Left: The displayed sequence is the H5N8 consensus sequence, with putative base pairs from manual inspection. NS1 codons 28–30 and 35–38 have high levels of constraint. The UCCU motif in the loop is complementary to the NS2 splice acceptor site; we note that some sequences contain an alternative UUCU motif (annotated in blue), which is still capable of pairing. Right: RNAalifold prediction of pairing in H7N7 sequences, using as input the region predicted by analysis of ranked constraint data. Base pairs are highlighted in deep/mid red when all/all but one sequences are capable of forming the pairs shown. Base pairs are highlighted in deep yellow when all sequences are capable of forming the pair shown or own other pair (including GU pairs). RNAalifold was used with input options disallowing lonely pairs, allowing G-quadruplexes, and with the ribosum scoring matrix enabled. The H7N7 fold was produced with the temperature set to 41°C. Other structures predicted by RNAalifold may be found in S4–S8 Figs.
Fig 9.
RNAalifold structure prediction of the conserved stem-loops near the HA cleavage site in H7N9 human host viruses.

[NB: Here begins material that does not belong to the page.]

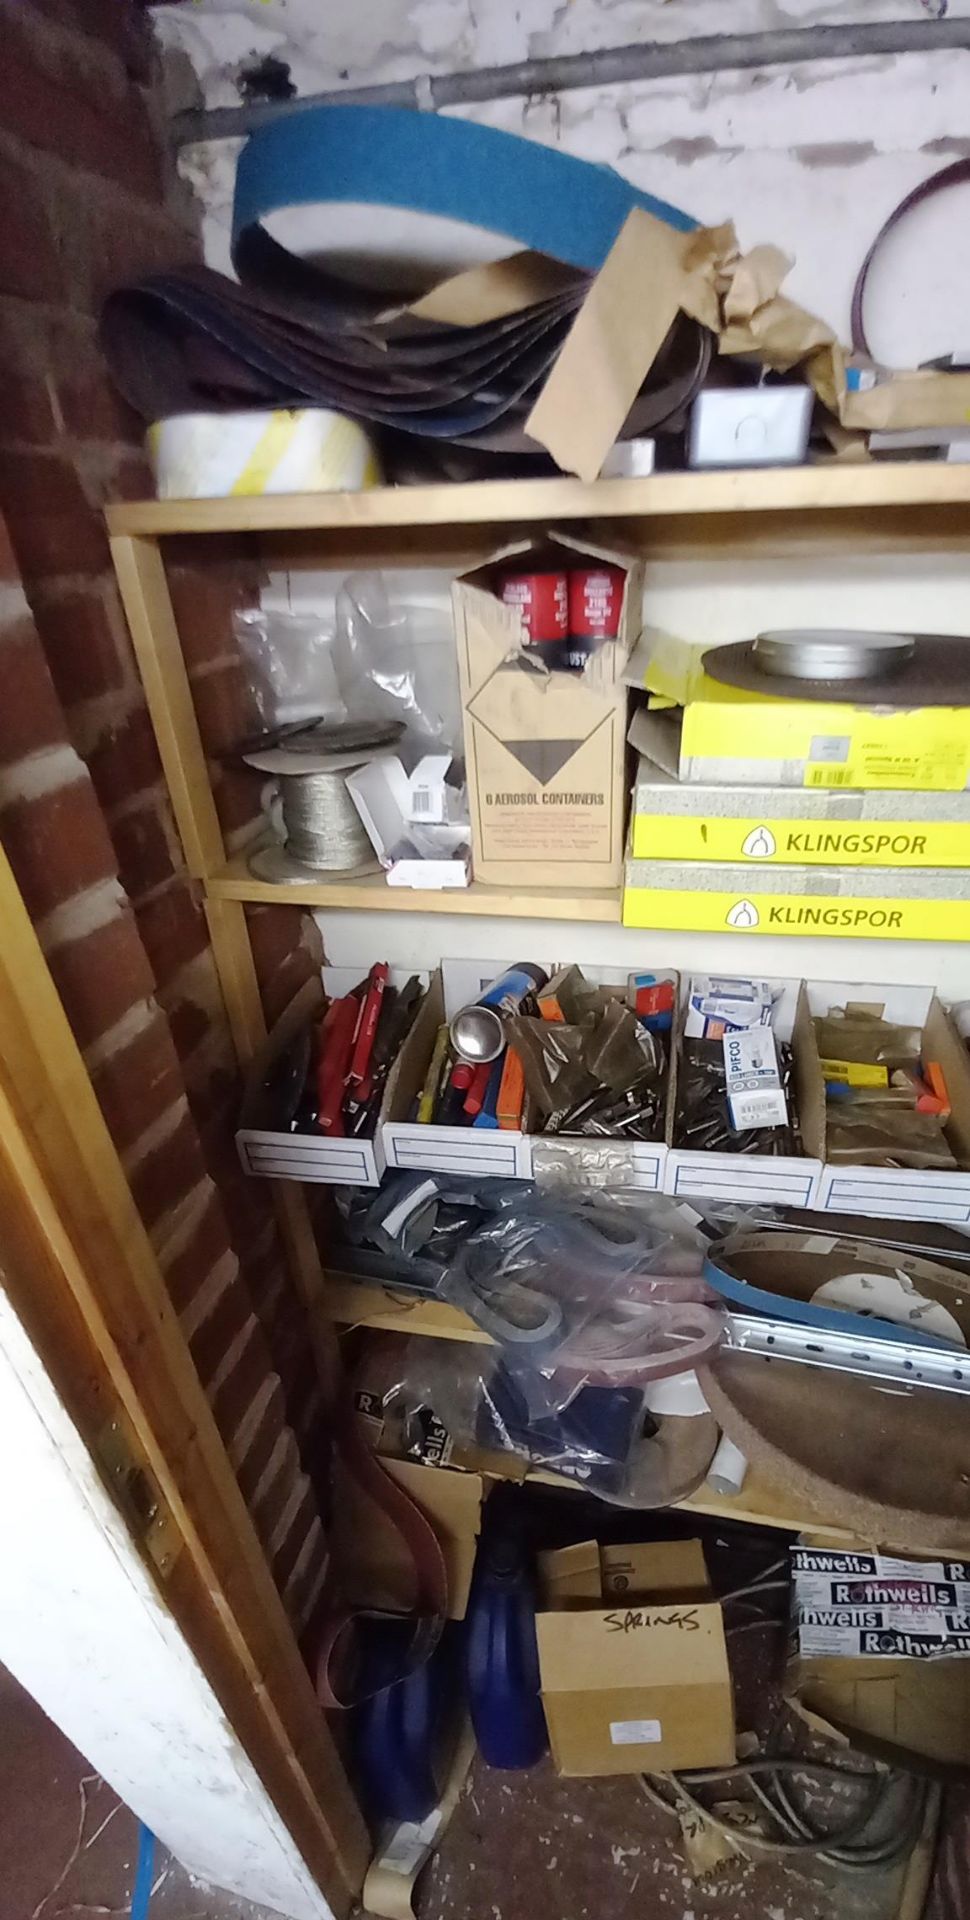 Contents to Storage Cupboard to Include Taps, Dye's, Reemers, Cutting Disks, Cutting Oils etc - Image 3 of 3

Nucleotide numbering follows RefSeq NC_026425.1 (GenBank KF021597.1). RNAalifold [18] uses a minimum free energy algorithm, modified to take into account how many sequences in an alignment can form predicted base pairs. Red (light red, pink)/yellow (light yellow, pale yellow) highlighted base pairs indicate that all (all but one, all but two) sequences in the alignment can form the base pair, with no/one alternative base pairing. We reproduce the small previously predicted [28] stem-loop starting at nt1030; although we predict a larger stem-loop near the cleavage site, it differs from stem-loops predicted for other strains.